Здесь я не смог удержаться от снисходительного смеха. Откуда Марсель мог знать, что исчезновение склепа это моих рук дело. Мне даже пришлось отстаивать это злачное, но весьма удобное для дракона место у Винсента, потому что, как это не прискорбно, но прежде были времена, когда мне, как и любому бродяге, негде было спать. Поэтому я и жалел всех попрошаек, которых гонял Августин, ведь в отличие от меня они бы, наверное, не смогли заснуть на холодной крышке далеко не пустого саркофага, согретые лишь собственным внутренним огнем и мечтами о мести.

– Хочешь, я покажу тебе этот склеп? – предложил я Марселю, уже заранее зная, что он струсит и откажется. – Не бойся, там нет никого, кроме семи прекрасных, чуть зловещих статуй и сокровищ. Туда не смеет зайти ни одно сверхъестественное существо. Вообще там мало что можно связать с мистикой, разве только, кроме того факта, что сам склеп принадлежит мне.

Марсель слегка присвистнул то ли от изумления, то ли из уважения к подобной смелости. Самому ему казались зловещими даже надгробия на кладбище, он бы никогда не решился объявить какой-либо склеп своим личным владением.

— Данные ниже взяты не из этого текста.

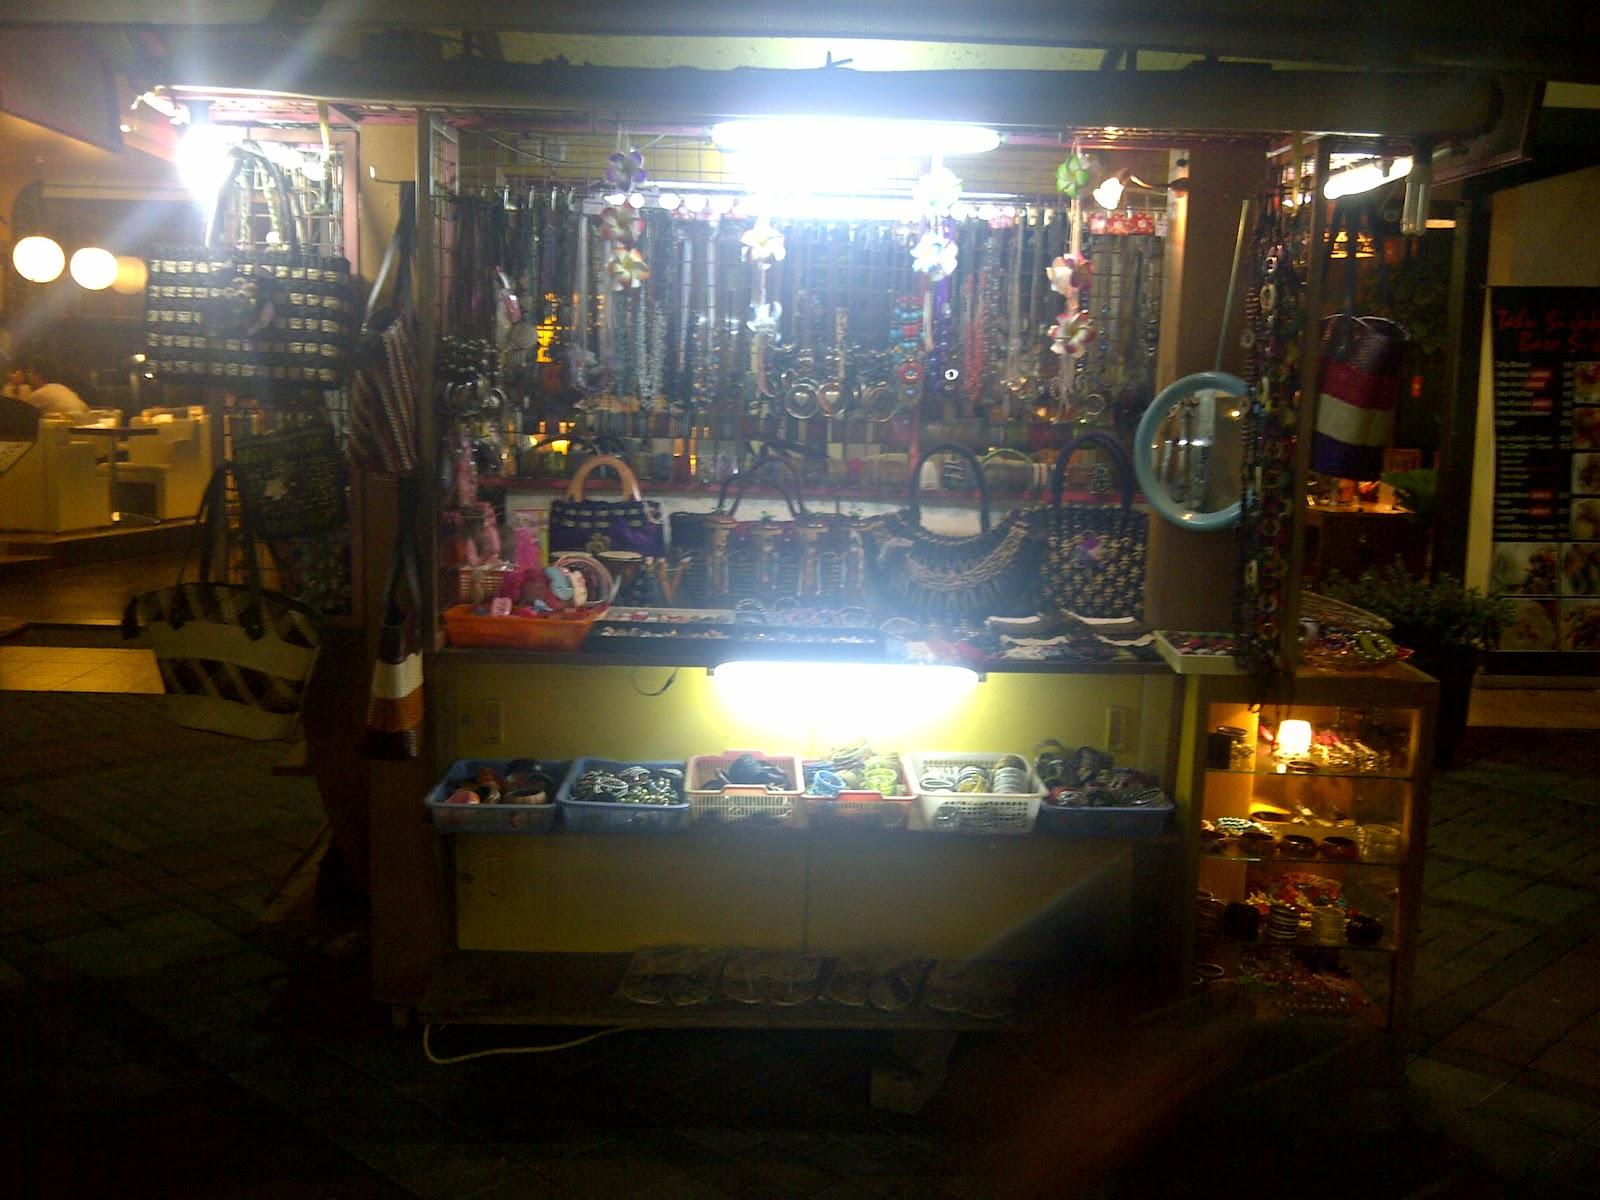 IMG 20120517 00096 Bandung, a passionate night athmosphere

Я поудобнее устроился на подоконнике и посмотрел, что творится внизу. Там, в темноте, по острым булыжникам мостовой, как будто плясали в диком хороводе те существа, которых я видел в склепе Розы. А может, мне просто почудилось. Может, так куролесит и гадко смеется кто-то из моих собственных подданных.

– Эдвин, осторожнее! – предостерегающе крикнул Марсель, когда я перекинул ноги через подоконник и наклонился, чтобы повнимательнее присмотреться к событиям внизу. Он знал, что я умею летать и, тем не менее, за меня беспокоился. А у меня, как и всех крылатых созданий, было пристрастие к тому, чтобы сидеть где-то на высоте, как птица на жердочке, и готовиться к рискованному прыжку вниз.

Смех внизу тут же прекратился. Шпионить теперь было не за кем, зато со мной были блокнот и перо с кончиком, чуть перепачканным чернилами. Пара заклинаний, и этих чернильных пятен хватило на то, чтобы исписать стихами целый лист. Я укладывал в рифмы то, о чем постоянно думал, а ветер теребил мои локоны и швырял их на глаза так, будто пытался запретить вспоминать о склепе и искать дорогу к нему, пусть даже только в стихах, а не на деле. Так мы с Марселем и работали какое-то время, художник и поэт, оба занятые своими делами, а потом, я услышал множество звуков со стороны площадей и дальних кварталов и понял, что слуги Розы решили совершить вояж по спящему городу. Я их не видел, но слышал легкое царапанье и противный визг, и предполагал, что они карабкаются по стенам и забираются к кому-то в окна, чтобы утащить не ценные, но яркие безделушки со столиков прямо из-под носа у спящих хозяев. Ну и воришки! Кто-то даже смог утащить несколько нарядных лент и украшений из шляпной лавки, и, уходя, разбил хвостом витрину. Я слышал, как осколки с тихим звоном посыпались на тротуар, и приятели проказника громко, гадко захихикали. С тем же самым смехом меня самого выдворяли из гробницы. Может, отложить блокнот со стихами и стрелой полететь к центру города, чтобы навести порядок. Всех пронырливых хулиганов я не успею поймать, они разбрелись по огромному городу, как по лабиринту, но хоть кого-то я успею схватить точно, да и Перси, если быстро его позвать, сможет преодолеть брезгливость и поймать за хвост парочку нахалов. Я бы кинулся за ними хоть сейчас, но не хотелось так неожиданно кидать Марселя одного. Где гарантия, что, пока я буду ловить озорников, те из них, которые успеют сбежать, в отместку за собратьев не раскромсают своими острыми коготками все самые лучшие картины Марселя. Конечно, я начертил оберегающие заклинание над его дверью и окном, но, когда имеешь дело с такими ловкими и хитрыми пронырами, ни в каких методах безопасности нельзя быть уверенным.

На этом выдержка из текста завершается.